Слышу его тяжёлое дыхание за спиной.
— Тебя не было три дня, — эта спокойная констатация здорово лупит по нервам.
— Знаю. — Обернувшись: — Извини.
— Извини?! — голос срывается на крик. — Ты, чёрт возьми, сбежал из больницы, посреди бела дня, ничего не сказав! Извини?! Не хочу даже слышать твои грёбаные причины!..
Приходится перебить:
— Не сбежал, а ушёл.
— Ах ушёл? Ты испарился у меня из-под носа! Господи, — он опирается о стол, словно выбившись из сил, — какой же ты придурок… И я, — усмехается, — тот ещё идиот: ждал три дня, зная, что ты даже не сподобишься на объяснения.
Я открываю рот, чтобы сказать, но он вскидывает раскрытую ладонь.
— Забей.
— Куда ты?
— Ухожу, — озвучивая такую очевидную вещь, он всплёскивает руками и хватается за голову, удивляясь абсурдности происходящего.
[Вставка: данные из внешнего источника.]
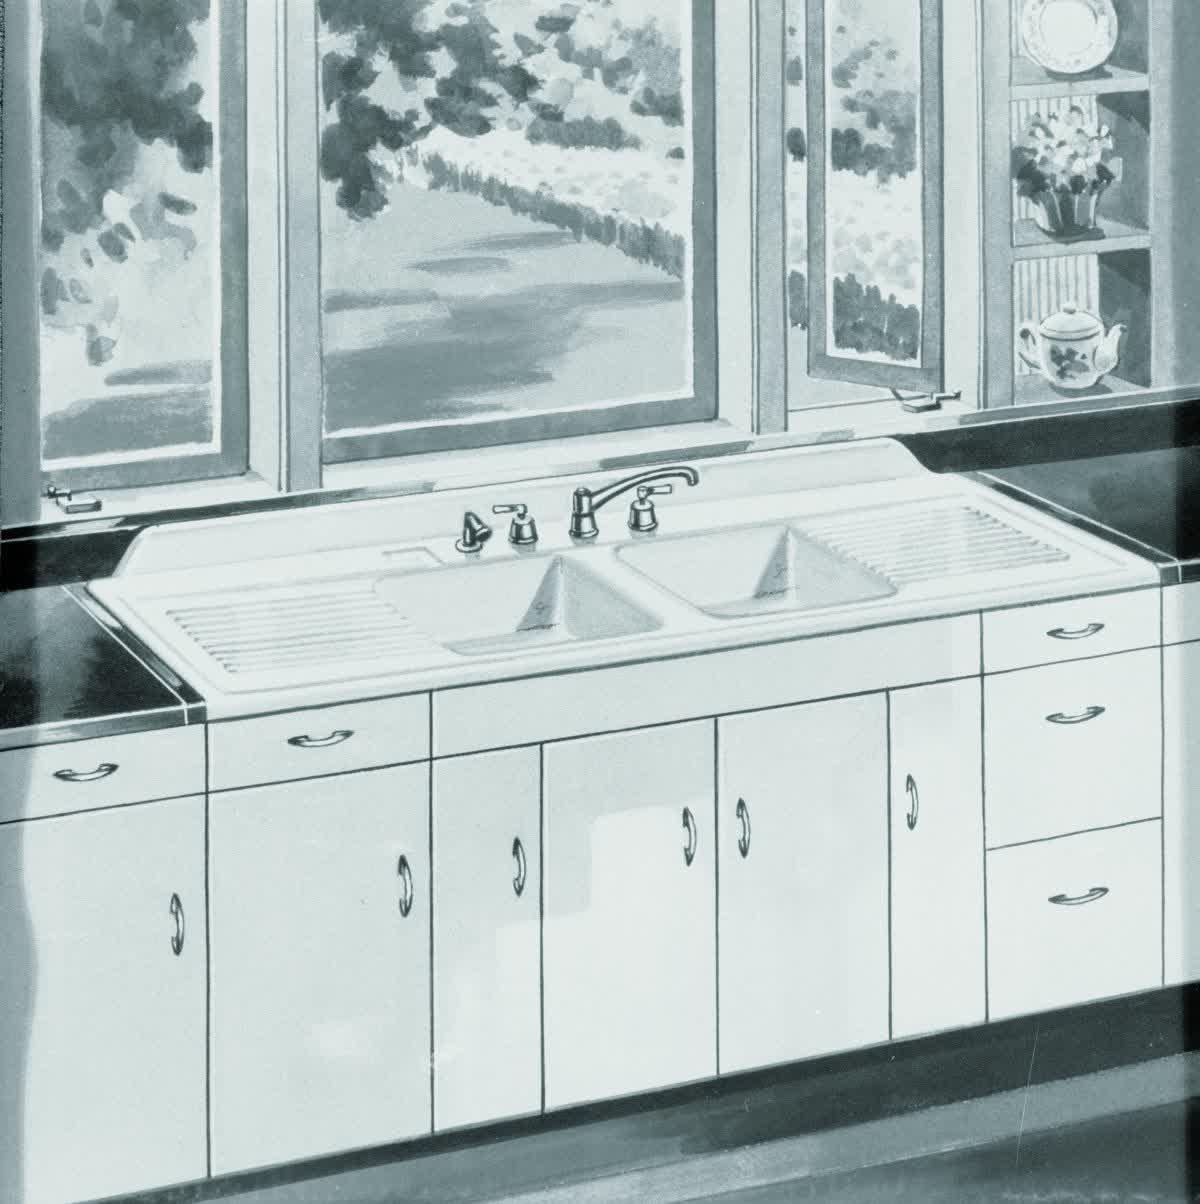 Installing Antique Iron Kitchen Sink with Drainboard - Home Design ...
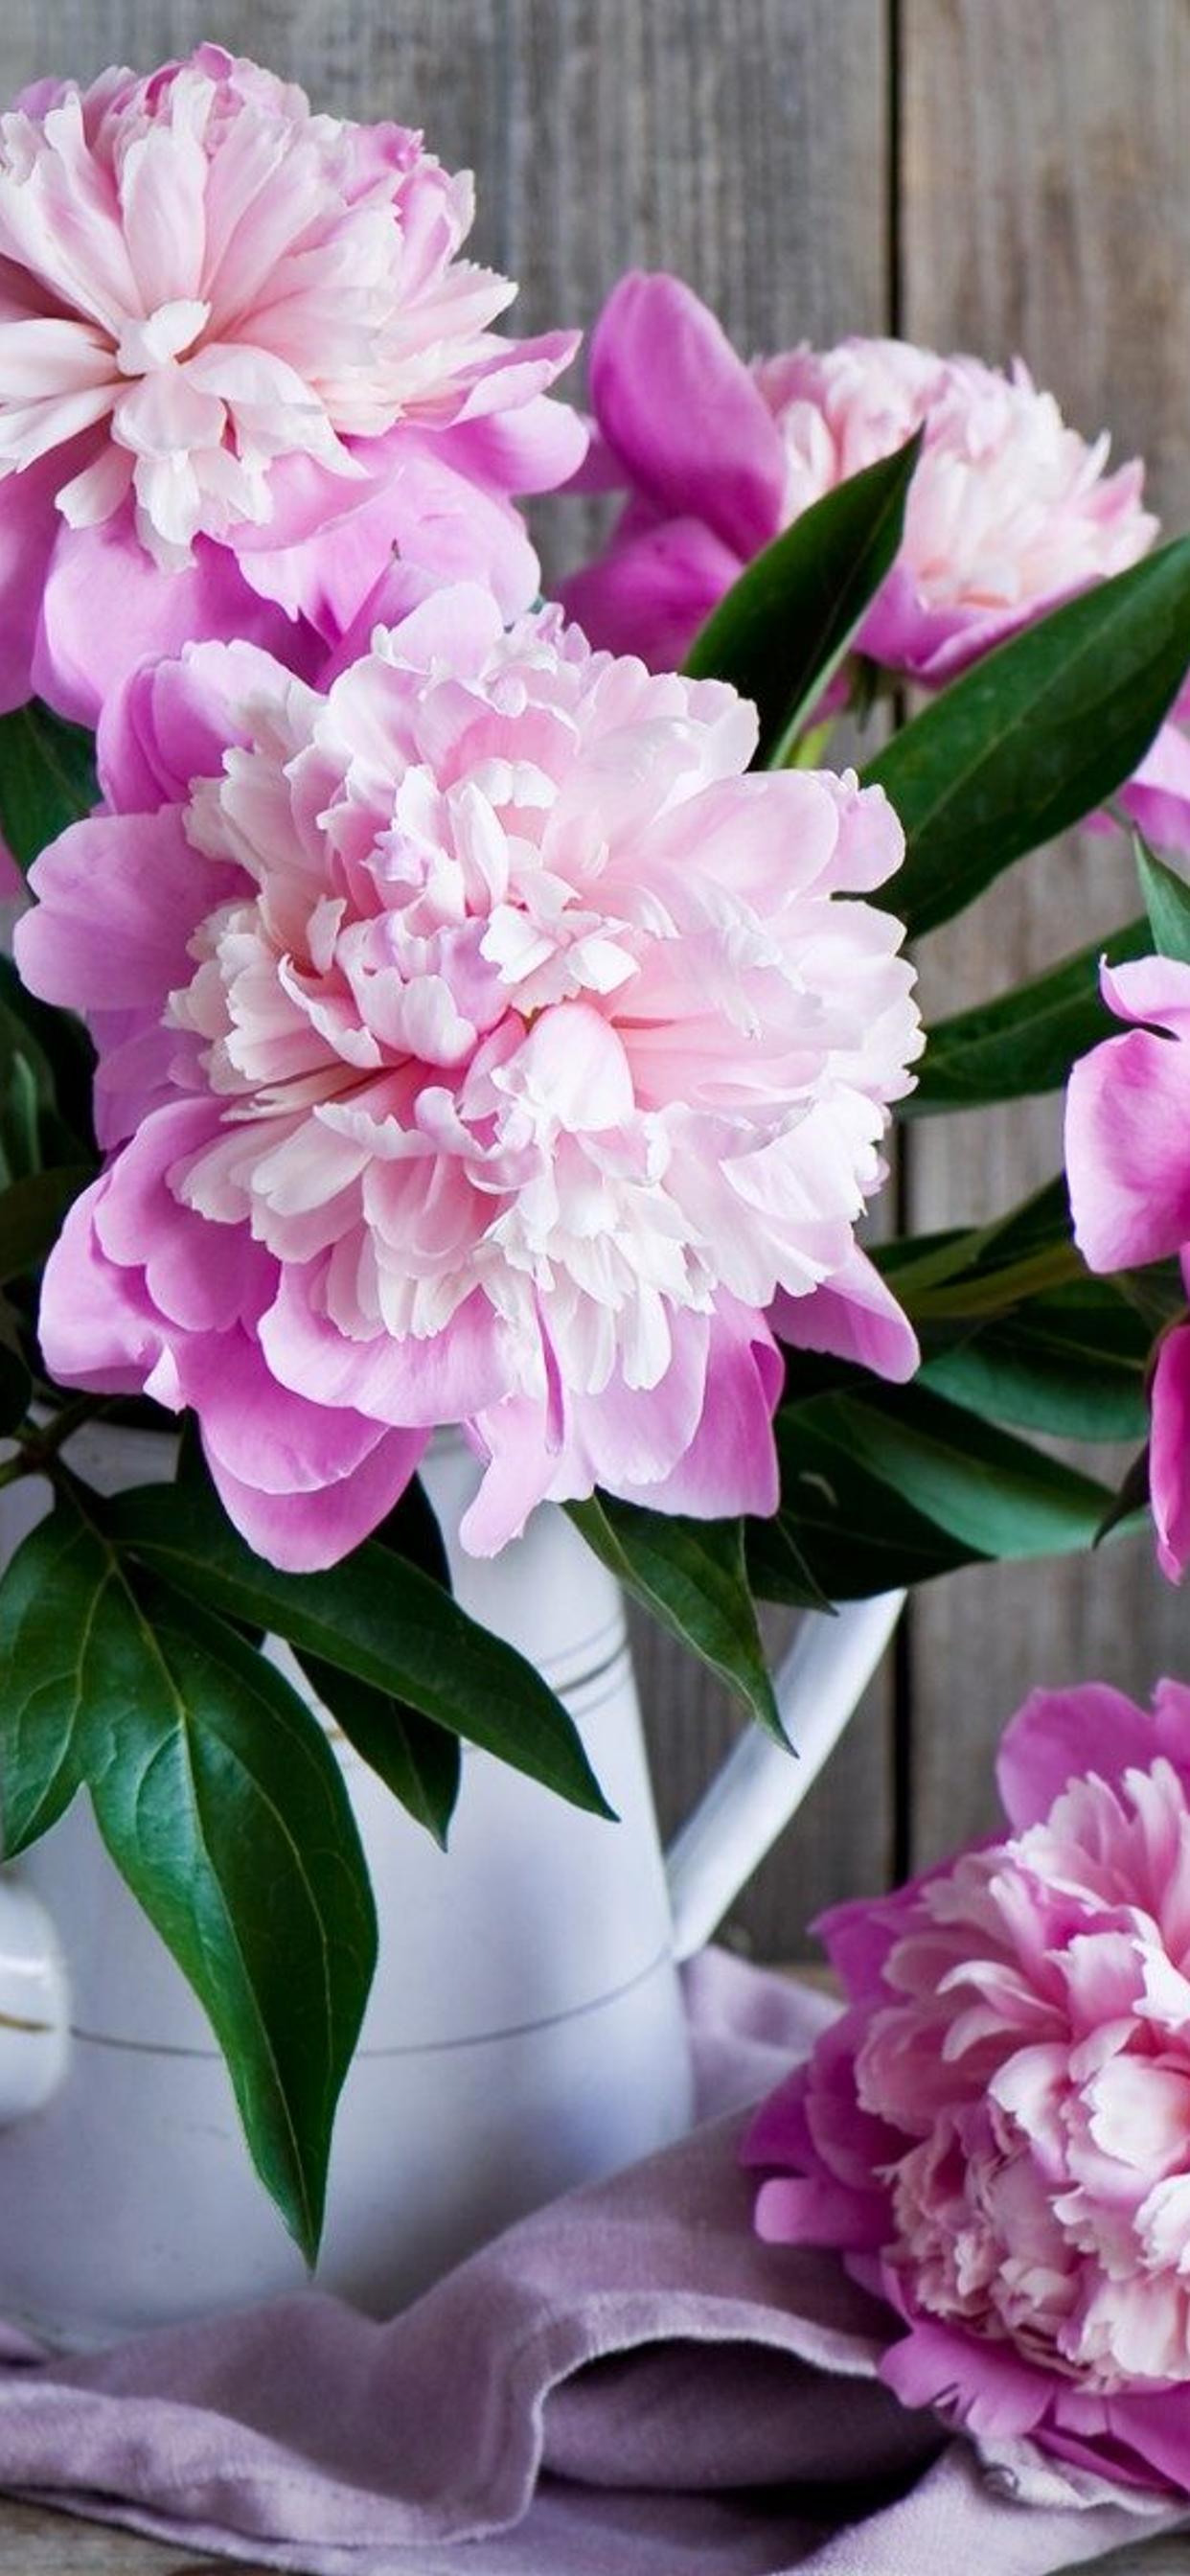 Wonderful Pink Flowers Vintage Objects On A Wallpaper

— Не уходи, — говорю я, но не могу продолжить из-за резкой боли в рёбрах. — Чёрт, — тело наваливается на столешницу, но удаётся устоять. Он тут же подхватывает, помогая опуститься на пол.
— Какого чёрта стряслось? — сокрушается, ослабляя узел галстука и расстёгивая рубашку, чтобы увидеть огромный лиловый синяк на рёбрах. Блять. — Он дотрагивается пальцами.
— Шшш…
— Перелом, и, судя по всему, не один, — заключает Грег.
— Спасибо, доктор, теперь мне легче. Так вот, — продолжаю я, но сбившееся дыхание добавляет ненужных пауз, — не уходи. Лучше сделай чай.
Он вздыхает и ныряет под руку, дотягиваясь до дверцы морозилки.
— Приложи, — и оставляет меня на полу наедине с пакетом льда.
— Грег, — судя по тону голоса, жить мне осталось не больше суток.
— Что? — отзывается он уже из ванной.
— Хреновый из тебя врач.
— Я вернусь со шприцем, и ты пожалеешь.
Собираюсь засмеяться, но понимаю, что это не самая лучшая идея. И вообще: я не хочу укол, я хочу чай. С трудом поднимаюсь на ноги, но стою крепко и тянусь — чёрт… — к шкафчику с кружками.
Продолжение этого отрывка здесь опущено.